The AI-adjacent version: a cloud product where you describe a test in chat, a model runs the steps on a hosted browser, and it does this again on every CI run. The model is in the loop forever. Each run costs tokens, each run can drift, and when the SaaS goes down your suite goes down. There is no artifact you own. There is a service you rent. Remove the model and you have nothing.

The AI-native version: Hover, a VS Code extension that drives your real Chrome while an agent explores the flow, then crystallizes that session into a plain Playwright spec on disk. The agent does the hard part once, at authoring time. The output is standard @playwright/test code you own, commit, and run in CI with no agent in the loop. The model authored the test and then left.
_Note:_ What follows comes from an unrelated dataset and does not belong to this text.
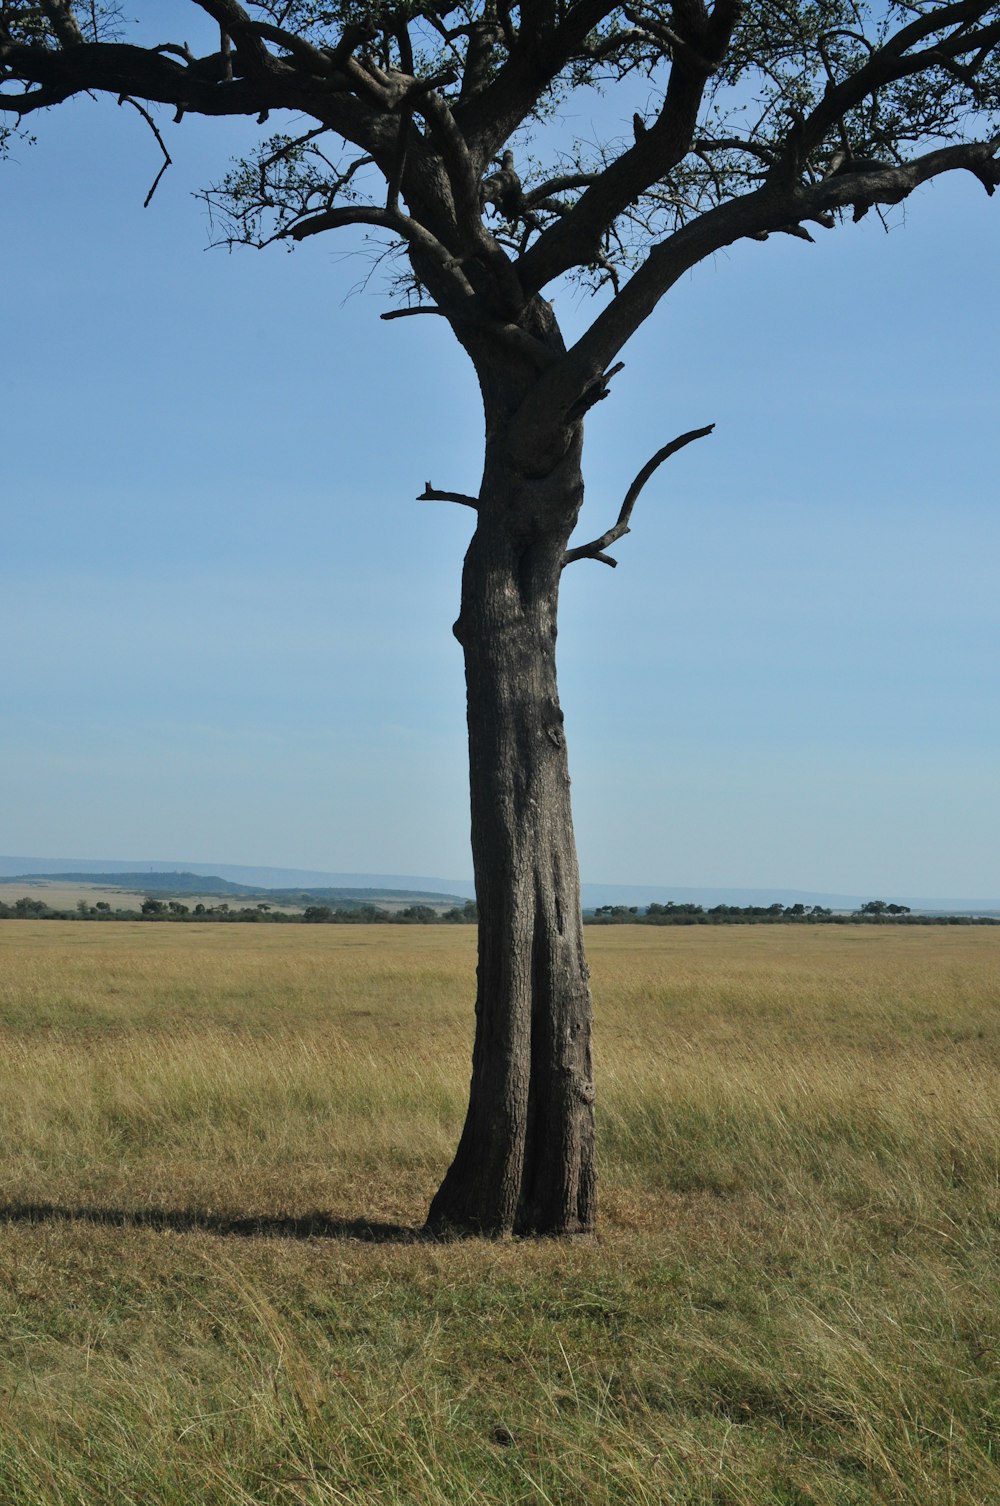 a lone giraffe standing next to a tree in a field

Delete Hover tomorrow and your specs still run.

AI-adjacentAI-native
Role of the modelBolted on beside the productAssumed from line one
OutputA chat transcriptA durable artifact you own
Model at runtimeIn the loop foreverAuthoring only, then gone
Determinism in CIRe-decided each runFixed code, replays identically
If the model disappearsCore workflow breaksArtifact still works
Who reviews whomHuman still does the workHuman reviews the agent's work

Why native wins as models commoditize

The frontier models are converging. Capability is leaking from the labs into open weights, and the gap between "best" and "good enough" keeps shrinking. When the model is a commodity, wrapping a chatbot around old software is no moat. Anyone can add the same panel next week.

The durable advantage moves to the shape of the product: how the data is modeled, what artifact the agent leaves behind, whether a human can trust and own the output, whether the thing keeps working when you swap the model or remove it. That shape is expensive to retrofit and cheap to design in from the start, which is exactly why so few products have it. A quarter of Y Combinator's Winter 2025 batch shipped codebases that were roughly 95% AI-generated. The agents are already writing the software. The open question is whether the software was designed for them to.

We build on the second answer. We rebuild software assuming AI from line one, open and local-first, so the agent is the operator and the artifact is yours. That is the whole thesis behind why we rebuild software AI-native, and it is the test we apply to our own tools before we ship them. Run the checklist on whatever you are about to adopt. The answers tell you which decade the product was designed in.